If even one house of Congress falls to the Democrats, the big, sweeping changes Republicans would like to see will be impossible; all that's left will be executive actions and tweaks to regulations, which are neither comprehensive nor lasting enough to be truly satisfying. So one way to deal with that reality is to go full steam ahead. If we might lose our majorities a year from now, this first theory goes, let's pass everything we've ever wanted to do while we still have the chance.
That seems to be Speaker of the House Paul Ryan's perspective. As he told Stephen Hayes of the conservative Weekly Standard, he's eager to take a knife to the government's most cherished health-care and pension programs:
So Democrats will scream that Republicans just passed a deficit-exploding $1.5 trillion tax cut and now have the nerve to say we must go after benefits for poor and middle-class people because of the debt? Who cares? Let 'em scream. We've got the majority and we're going to use it.
It's probably not an accident that Ryan is reportedly considering retiring after 2018; if he can make his twin dreams of cutting taxes and crippling the safety net a reality, there wouldn't be much more to do. That's because Ryan is above all an ideologue, motivated by firmly held beliefs about policy. His Senate counterpart Mitch McConnell, however, is not an ideologue at all. He's a realist, or if you prefer, a cynic.
For McConnell, politics is and has always been much more about seizing and holding power than about what you do with it once you've got it. And right now, with just a 51-49 margin in the Senate, 2018 is no doubt on his mind. His theory seems to be that with an electorate already considering tossing Republicans out of power, the best approach is not to make them any angrier than they already are.
Which is why he is dismissing the idea of an assault on the safety net. "I don't think, as a practical matter in the Senate, we can do entitlement reform without bipartisan agreement," McConnell told The Washington Post. "It applies to entitlements in general — Medicare, Social Security, welfare — they're so doubled down on that, I'm not going to devote floor time to something that has no Democratic support."
McConnell may blame the Democrats, but he knows well that an effort to cut Medicare, Medicaid, and Social Security would be a political disaster for the GOP, one that would make their 2018 problems even worse. As a matter of fact, there may be no single thing they could attempt that would be less popular. They already tried to go after what they assumed was the least beloved of those programs — Medicaid — and they learned that the American public loves it. That more than anything else is what killed their attempt to repeal the ACA.

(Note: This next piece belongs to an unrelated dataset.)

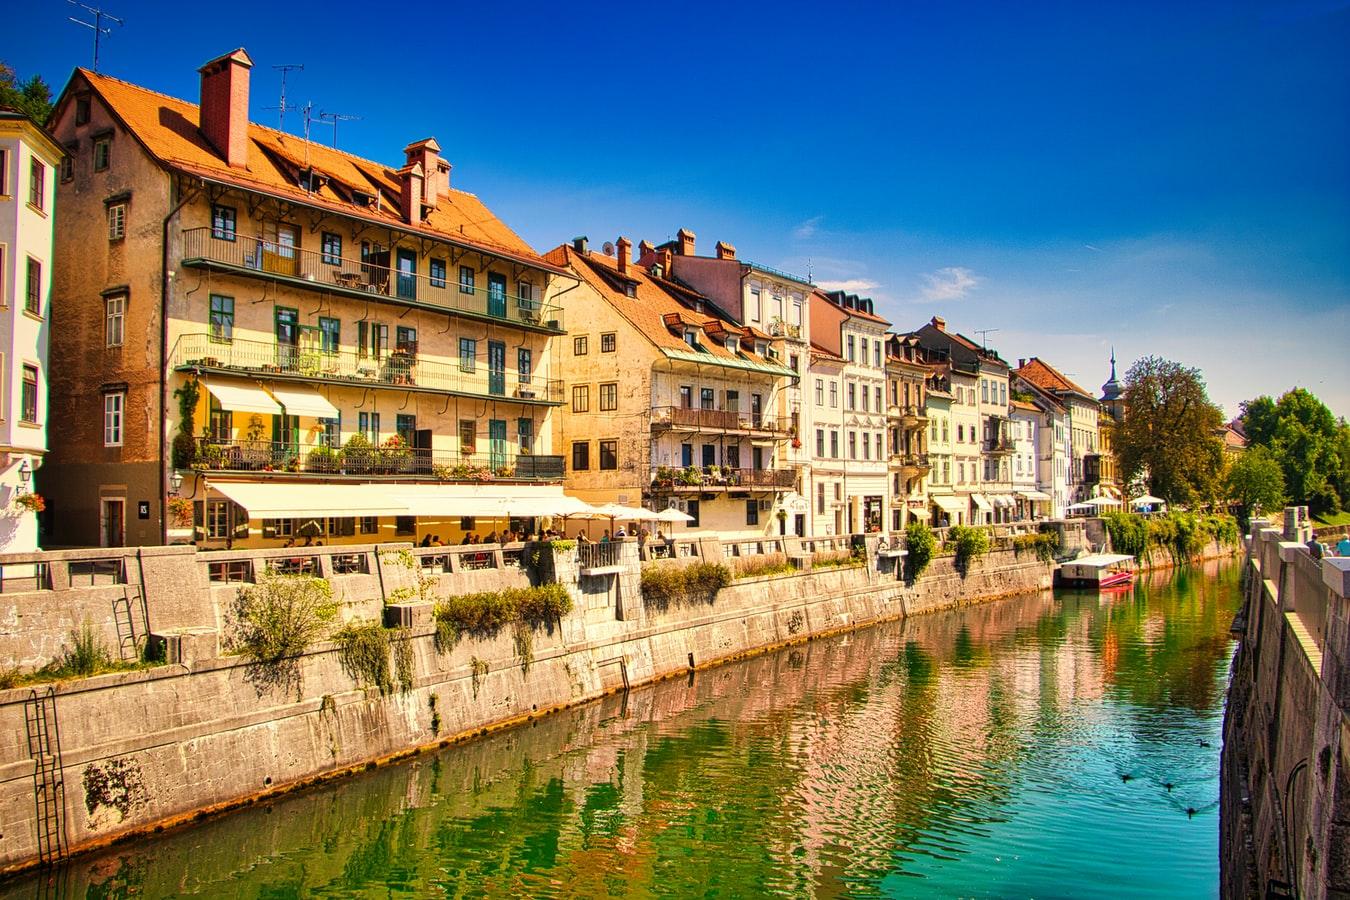 Auslandspraktikum in Slowenien - Ljubljana

Where does President Trump fit into all this? During the campaign, he often said that he didn't want to cut Medicare, Medicaid, or Social Security. But everyone understands that Trump has no real beliefs about any of it; he was perfectly happy to go along with an ACA repeal plan that would have eviscerated Medicaid.
He's open to persuasion, and some have figured out that they might win Trump's assent to go after any particular safety net program by calling it "welfare." Even though actual welfare is a dessicated husk of what it once was (it makes up about 0.004 percent of the federal budget), the words "welfare reform" have begun coming out of Republican mouths again for the first time in years, referring not just to welfare but to food stamps or any other program that helps poor people.
But when it comes to policy, Trump is nothing if not fickle, and any real effort at cutting the safety net will play out over an extended period of time, shining a spotlight on Republican heartlessness and reinforcing all the arguments Democrats are making as we head toward next November. In this kind of a situation, if one of the controlling parties thinks the best approach is to do nothing — as Mitch McConnell apparently does — that can grind the effort to a halt. Unless someone can persuade him otherwise, Paul Ryan's dream may have to wait.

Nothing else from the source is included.